Tutta la prima parte è sostenuta da un controllo rigidissimo delle scene, quasi replicante la mancanza di sentimenti dei due protagonisti ma al contempo non pienamente coinvolgente benché, grazie alla capacità evocativa di Costanzo, alcuni momenti siano di grande impatto emotivo. La sensazione è che il regista non abbia avuto il coraggio di seguire una propria idea esclusiva per lo sviluppo della storia e si sia barcamenato – soprattutto nella scrittura del film, in collaborazione con Paolo Giordano - tra l’ordinario e il visionario, avendo forse un po’ paura di deludere le attese. In effetti le cose migliori si hanno proprio nella rappresentazione onirica e surreale dell’horror vacui dei due protagonisti supportate dalla straniante elettronica della colonna sonora di Mike Patton dei Faith no More, mentre si annacqua nell’ordinario nelle scene necessarie all’avanzamento del racconto.  Si rimane in bilico fino al finale all  Rohrwacher dove il racconto si sfilaccia e si dilunga senza trovare una giusta corrispondenza con tutta la parte precedente, una sforbiciata di un quarto d’ora avrebbe giovato sicuramente alla tenuta drammatica risolta nello svelamento finale dei due traumi adolescenziali, vissuti in parallelo e ricostruiti come risoluzione di un enigma vissuto a posteriori. Si parla poco, e questo è un bene, nei confronti di tanto cinema soprascritto ed esplicativo la ricerca  della rarefazione delle parole nei confronti delle immagini è lodevole. 

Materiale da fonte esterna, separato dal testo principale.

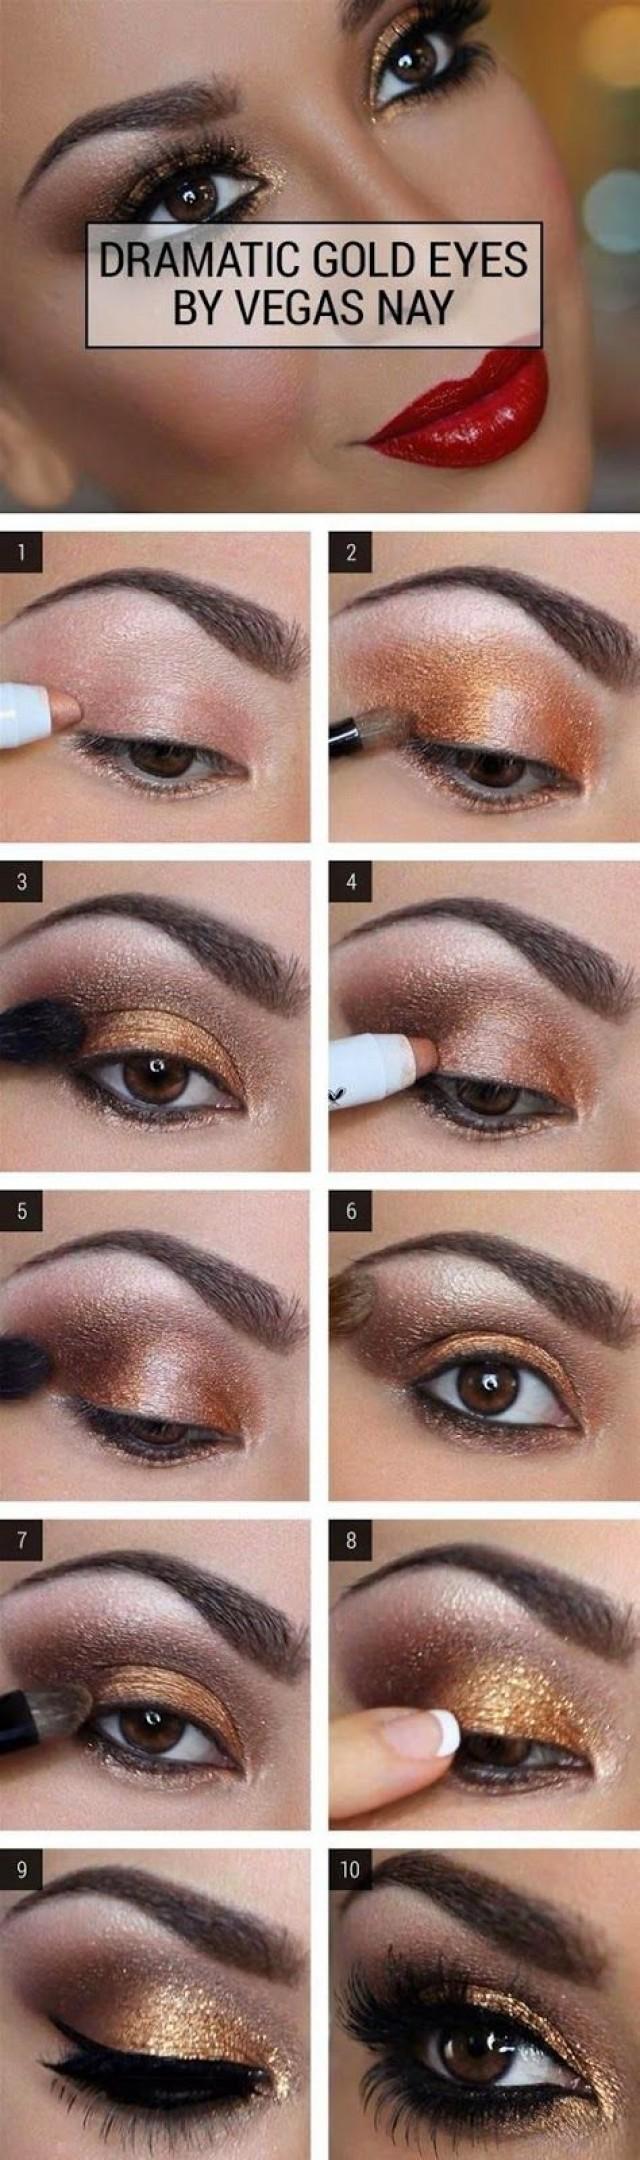 smokey eye makeup for brown eyes tutorial
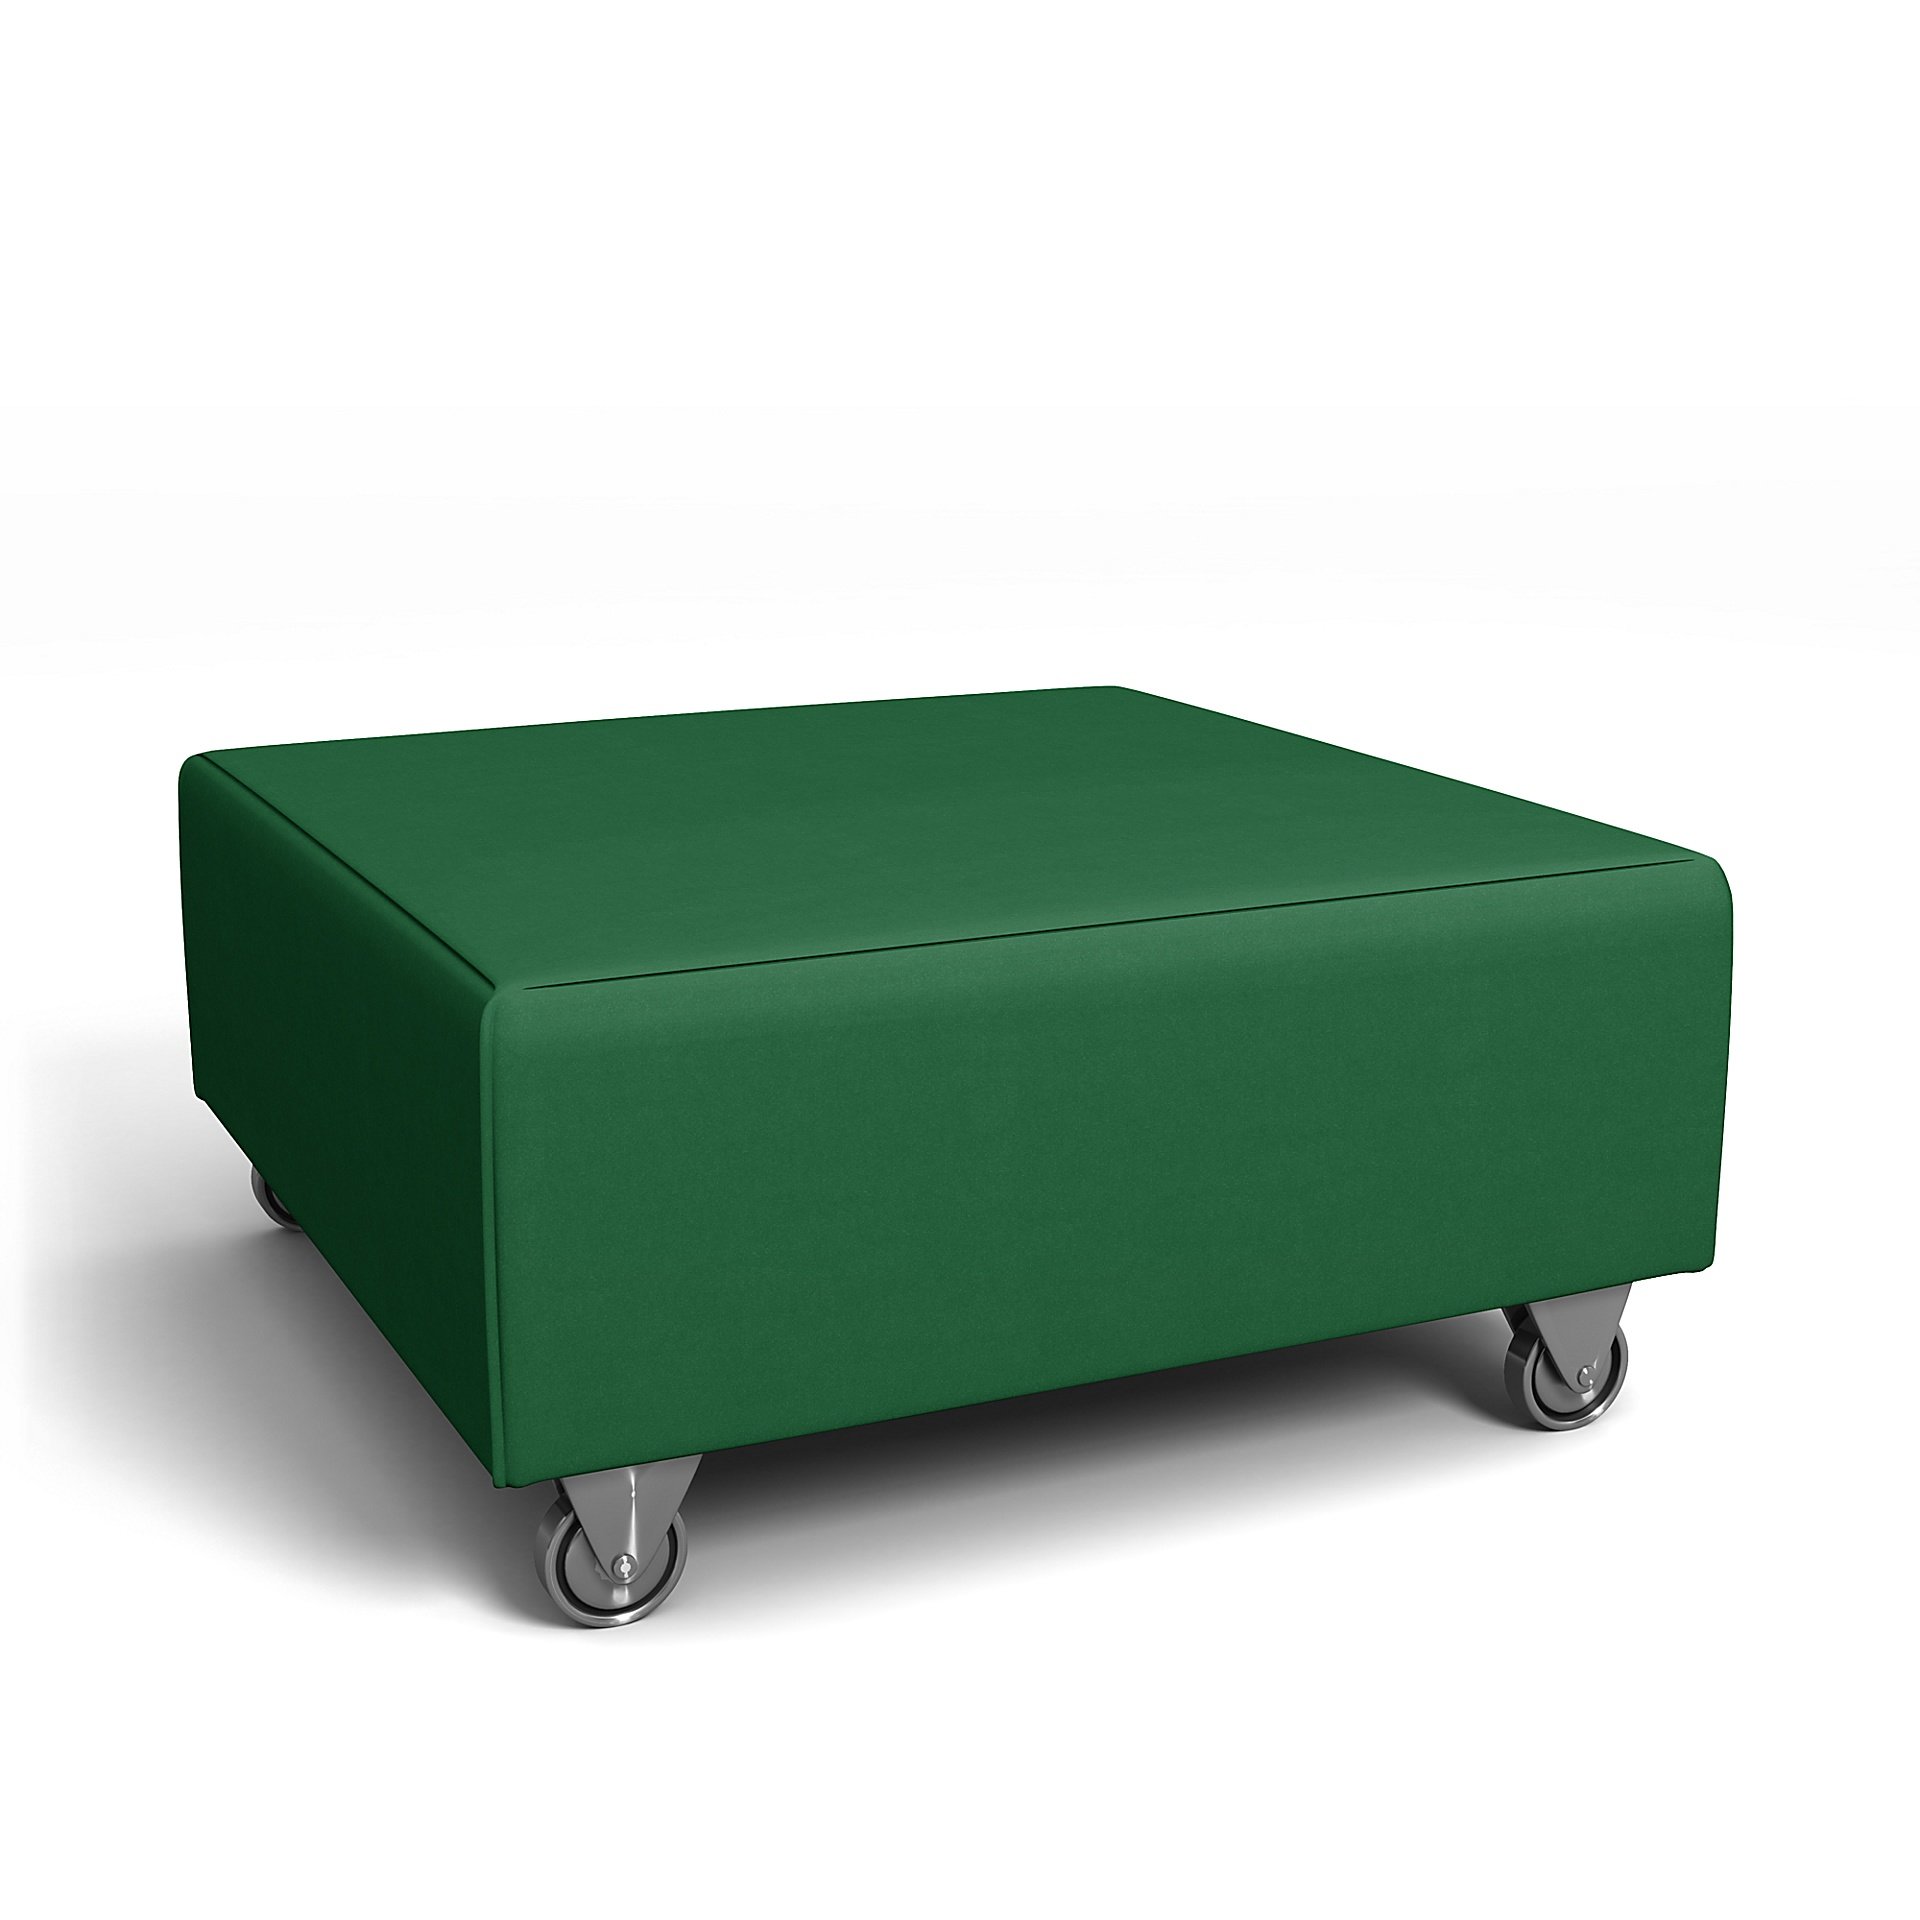 IKEA - Falsterbo Footstool Cover, Abundant Green, Velvet - Bemz

 Fortemente simbolico il film riporta gli archetipi horror delle fiabe nella quotidianità dei personaggi – Il clown, il bosco, la matrigna- ed è costruito sui corpi in trasformazione: Alba Rohrwacher, in uno spettrale nudo integrale (vero momento horror….)  e Luca Marinelli dalla fissità catatonica che ricorda la gioiosa vitalità di Michael Myers in Halloween di Carpenter.  Isabella Rossellini appesantita e invecchiata appare invece dotata di una rinnovata espressività. Ritornano suggestioni kinghiane nello spaventoso clown –interpretato dal bellissimo cammeo di Filippo Timi- e nell’ “Overlook hotel” teatro del trauma di Alice. Su tutta l’operazione aleggia comunque un senso di insicurezza, di non piena decisione nella direzione da prendere, soprattutto nel finale. “Non aspettatevi il Gattopardo” disse un nervosissimo Costanzo alla prima a Venezia mettendo le mani avanti e ratificando la difficoltà di tradurre un testo sotto la lente di ingrandimento di migliaia di potenziali spettatori. Soddisfa a metà, La solitudine dei numeri primi, anche se tensione e angoscia non mancano. Non so se soddisferà i cultori del libro, personalmente non l’ho letto. Lascerà un po’ l’amaro in bocca per l’occasione non totalmente sfruttata a chi del libro sa poco e dal film si aspetta qualcosa di forte. In ogni caso, dopo decine di filmacci su paturnie generazionali, ben venga questa plumbea storia di dolore.